● Task description: Only the lines from the one containing "Panama Canal #PanamaCanal" through the end of the data are wanted, reproduced exactly and without pictures.

● Given information:
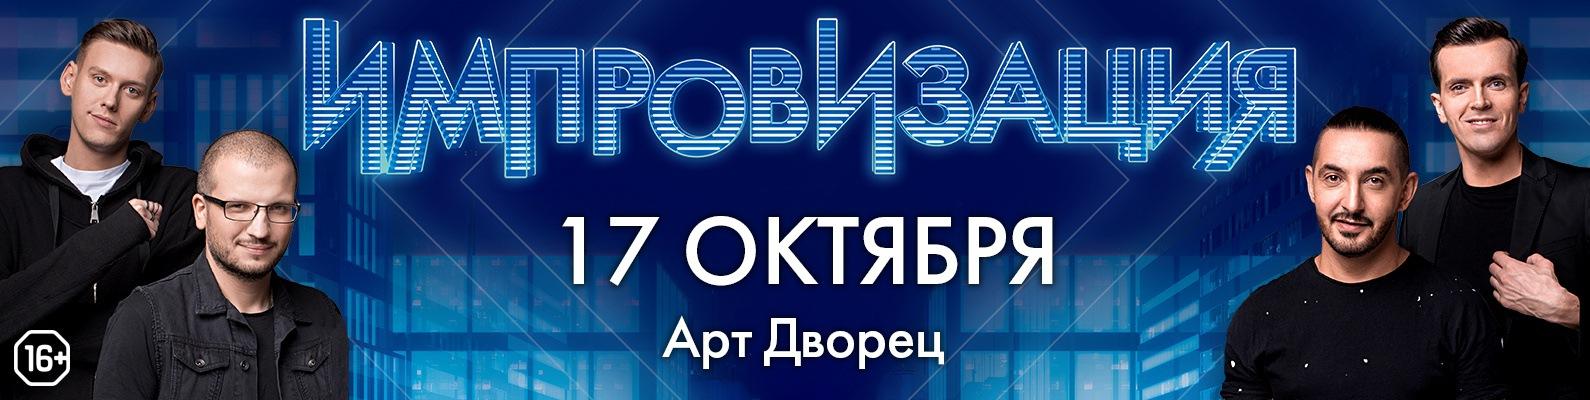 ИМПРОВИЗАЦИЯ ТНТ 17 ОКТЯБРЯ АРТ ДВОРЕЦ ВЛАДИМИР. | ВКонтакте
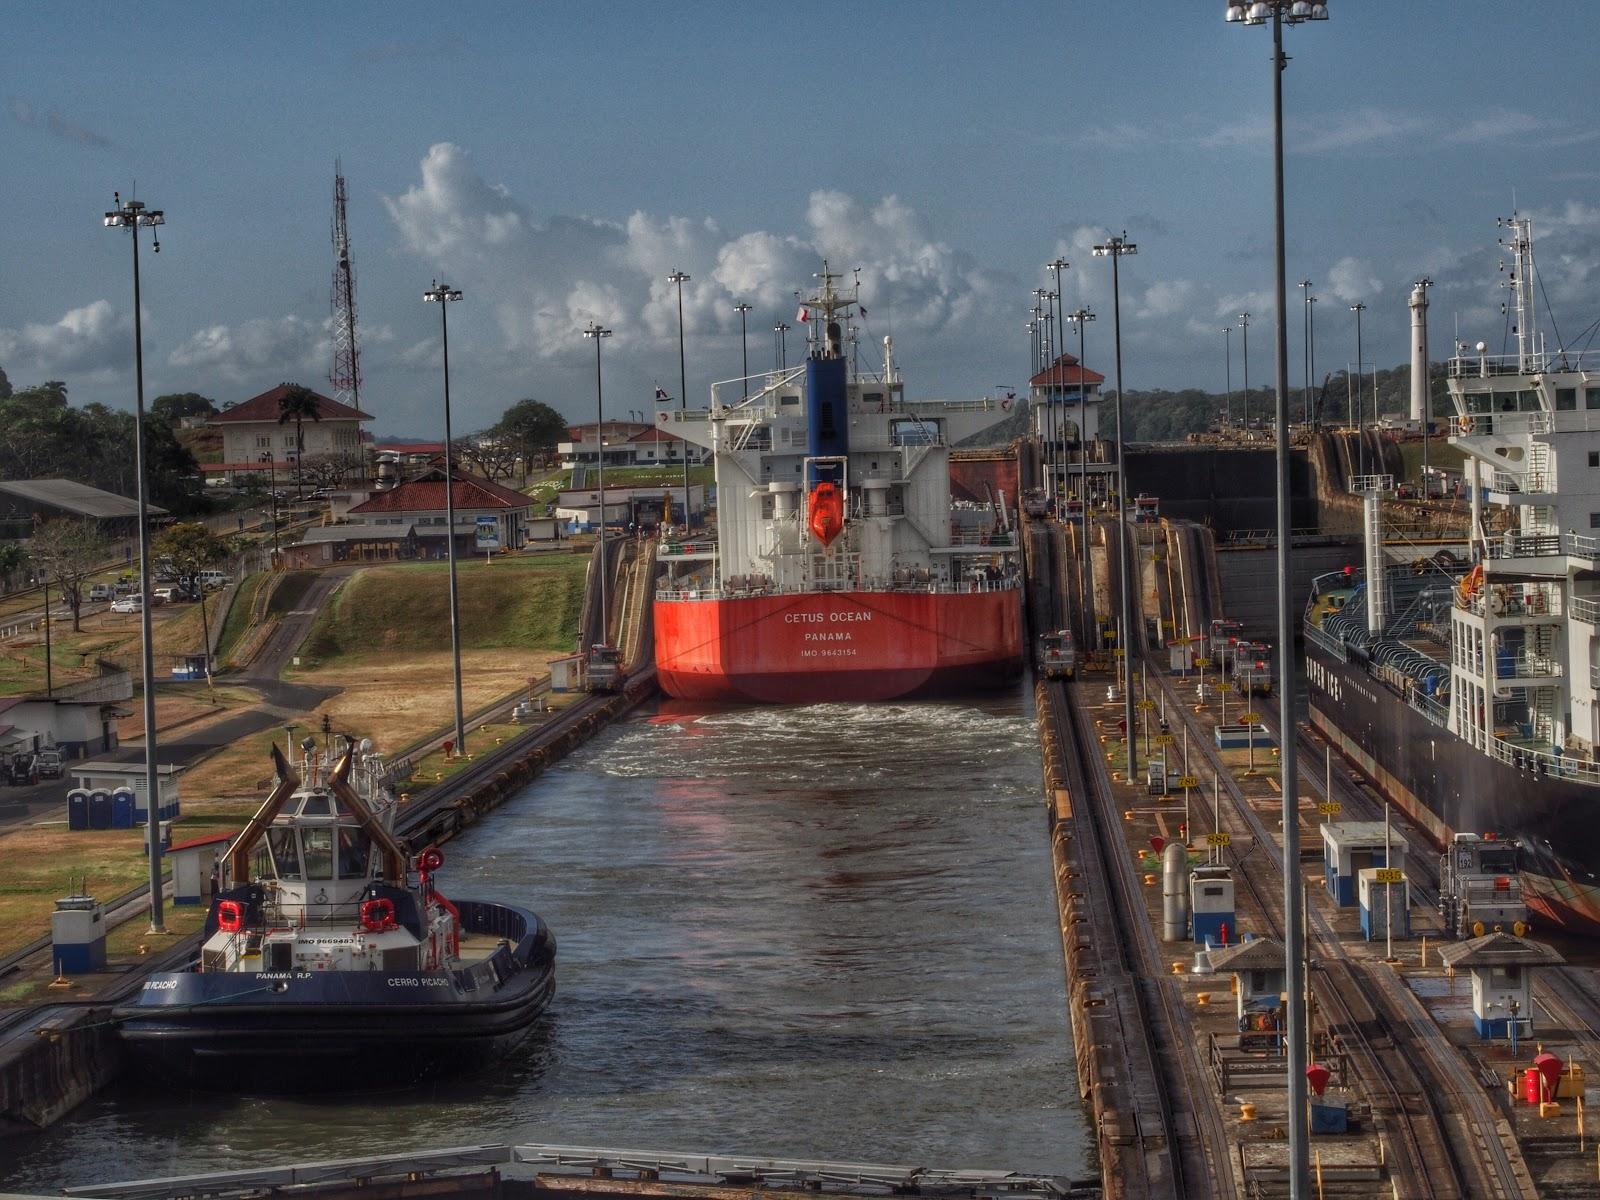 Panama Canal #PanamaCanal #HollandAmerica #cruise ©2014 Nancy Lundebjerg
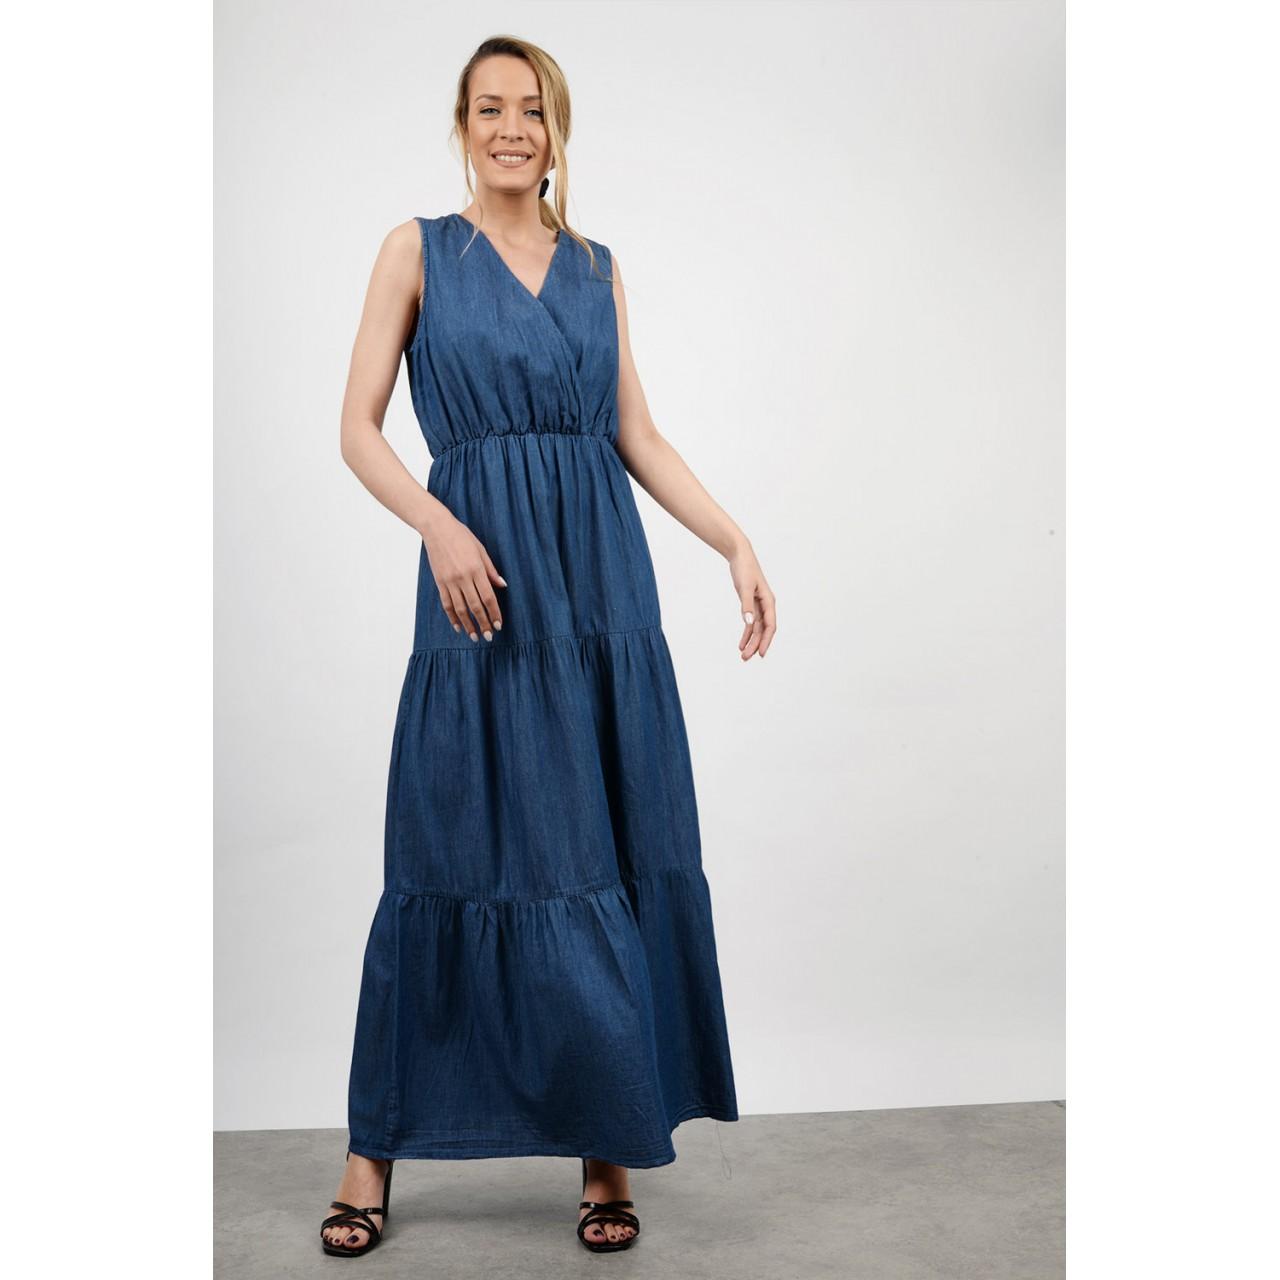 Sleevless maxi jean dress

● Expected output:
 Panama Canal #PanamaCanal #HollandAmerica #cruise ©2014 Nancy Lundebjerg
 Sleevless maxi jean dress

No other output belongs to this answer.